Washed Process Explained

What it is, how it's done, and typical Flavours

Kaden Boekhoorn avatar
Written by Kaden Boekhoorn
Updated over a week ago

Do you love washed coffees? All about that clean flavour, sparkling acidity and florals? Great! A lot of people loved washed coffees, but don't really know what it means or why washed coffees taste the way they do. Here is our FYI on washed processing.


First of all, coffee is a cherry with a few important layers.

They are:

  • Pulp - outside skin

  • Mucilage - slimy thin fruit layer

  • Parchment - the protective shell that the beans sit inside

  • Coffee bean(s) - normally two, but sometimes only one - the rare peaberry!

(Image credit: Seattle Coffee Works)

Washed process is a method of preparing and drying the coffee cherry. Processing has considerable impacts on the flavour and texture (mouthfeel) of the coffee you drink.

Washed process is an intensive method and involves pulping, removing, and washing off the main layers, so that the beans are not in contact with the pulp or mucilage when drying. All this extra work ensures that crisp, clean tastes that associated with washed coffees.
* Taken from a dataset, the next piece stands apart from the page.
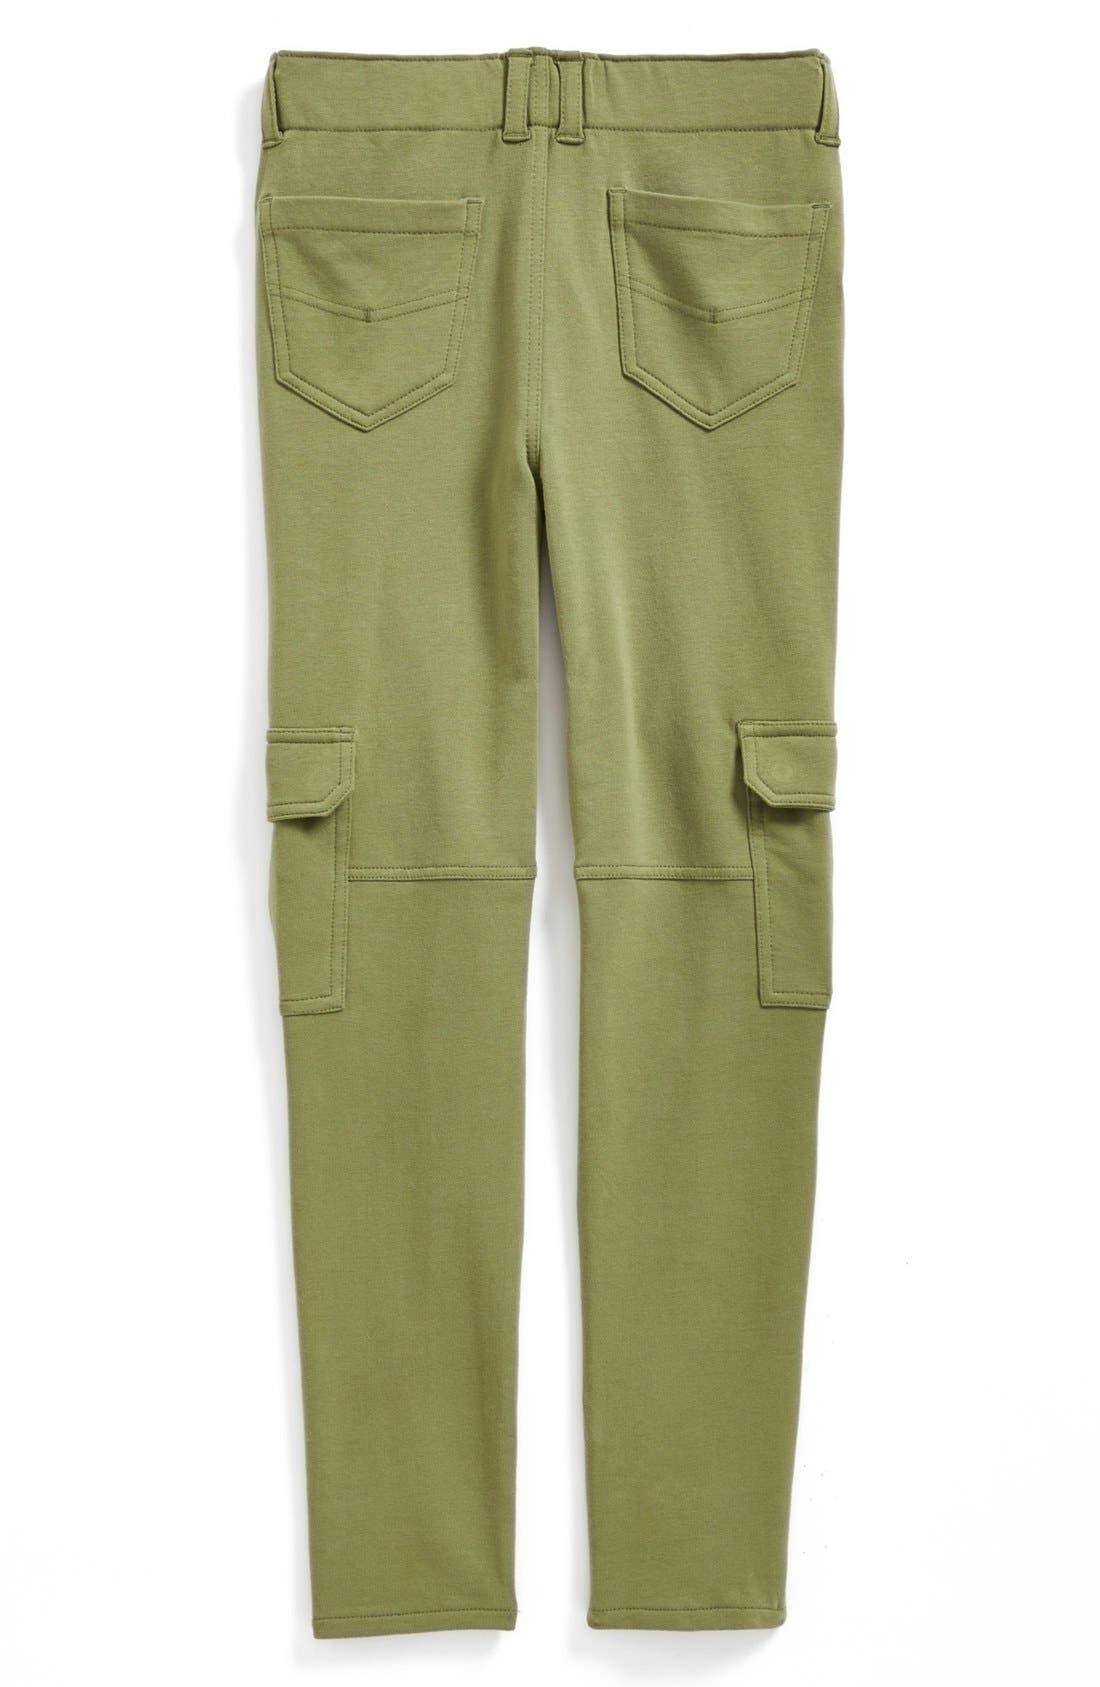 Alternate Image 1 Selected - Tucker + Tate 'Ella' Knit Cargo Pants (Big Girls)

Above: Javier & Nahun Fernandez conducting some QC with their washed coffees


(Image credit: beannbeancoffee.com)

Fruit Removal: Typically de-pulped (skin removed) or de-mucilaged (skin and pulp removed) within 24 hours of harvest
Fermentation: Depulped coffees are typically held in “fermentation tanks” for 12–72 hours; de-mucilaged coffees are not commonly held in tanks but moved to drying surfaces or equipment. Fermentation may occur from the moment of harvest until the seeds reach an inhospitable moisture content for yeast / bacteria (11% moisture)
Drying Time: On average, 18–36 hours mechanically; 7–15 days on patios, raised beds, or in parabolic dryers

Washed coffees can be quite energy-intensive to process and often require a lot of water. The washed coffees that we do buy (where possible) are from farmers and washing stations that continually work towards reducing their energy and water usage. We're always seeing new innovative techniques and methods that address efficiency, recycling, and reuse.


Flavours of coffee are very regional (farm to farm, country to country) and variety influenced (Parinema vs. Geisha). Processing provides a different "lens" to see the coffee through.
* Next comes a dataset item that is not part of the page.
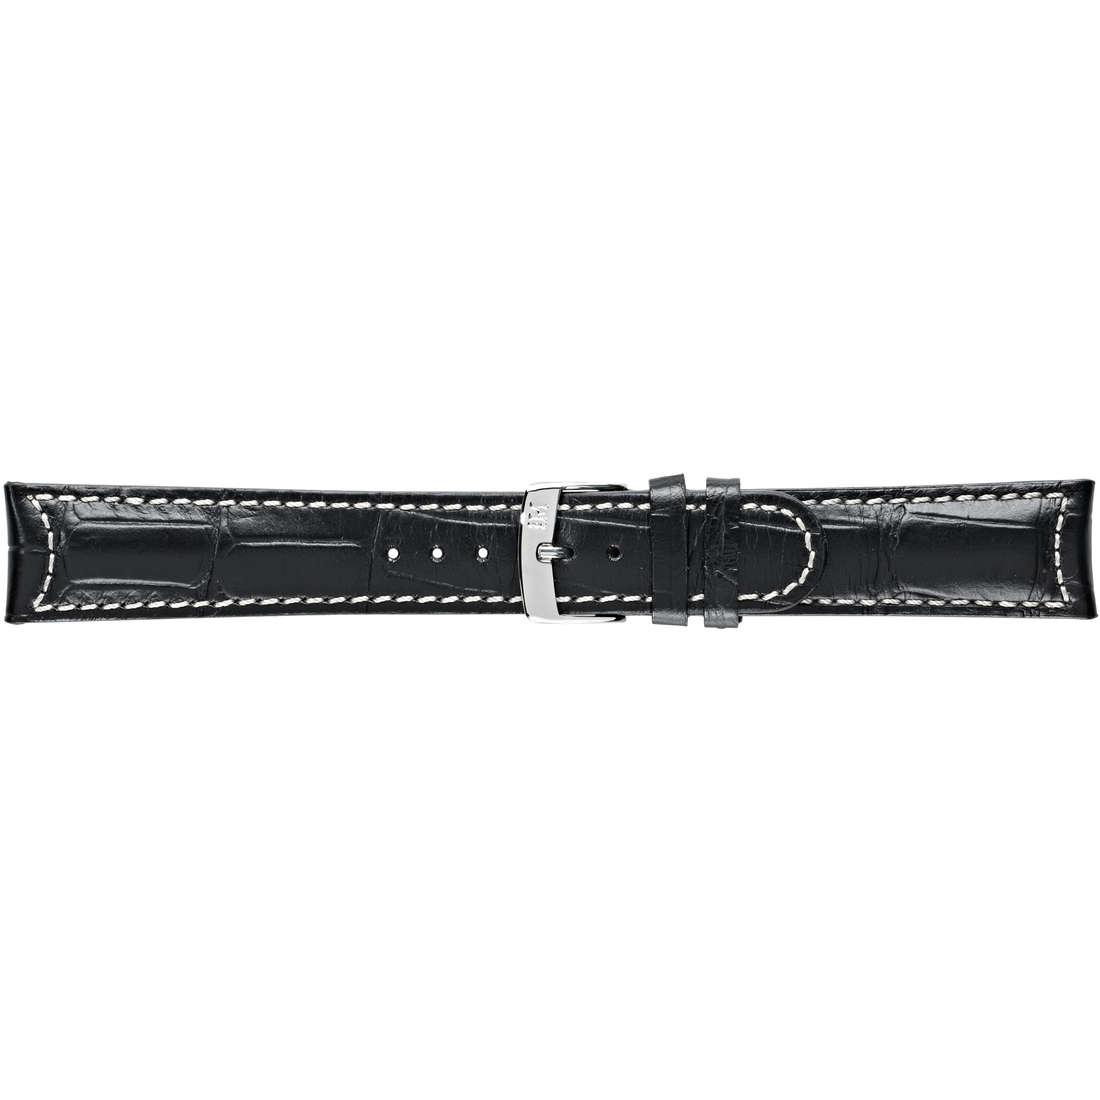 watch watch bands watch straps man Morellato Manufatti A01U3882A59019CR22

Washed coffees often show flavours like:

Crisp, high acid flavours: Lime, lemon, grapefruit, white nectarine, apple, etc.
Florals: Jasmine, bergamot, black tea, earl grey tea etc.

Sweetness: Vanilla, caramel, chocolate etc.

Textures and mouthfeel:

The texture and mouthfeel of washed coffees are generally thinner than honey and natural processed coffees. Very clean with lots of clarity. Sometimes buttery, silky, and velvety. We do search hard for washed coffees that offer non-traditional textures like creamy (lactic), and juicy.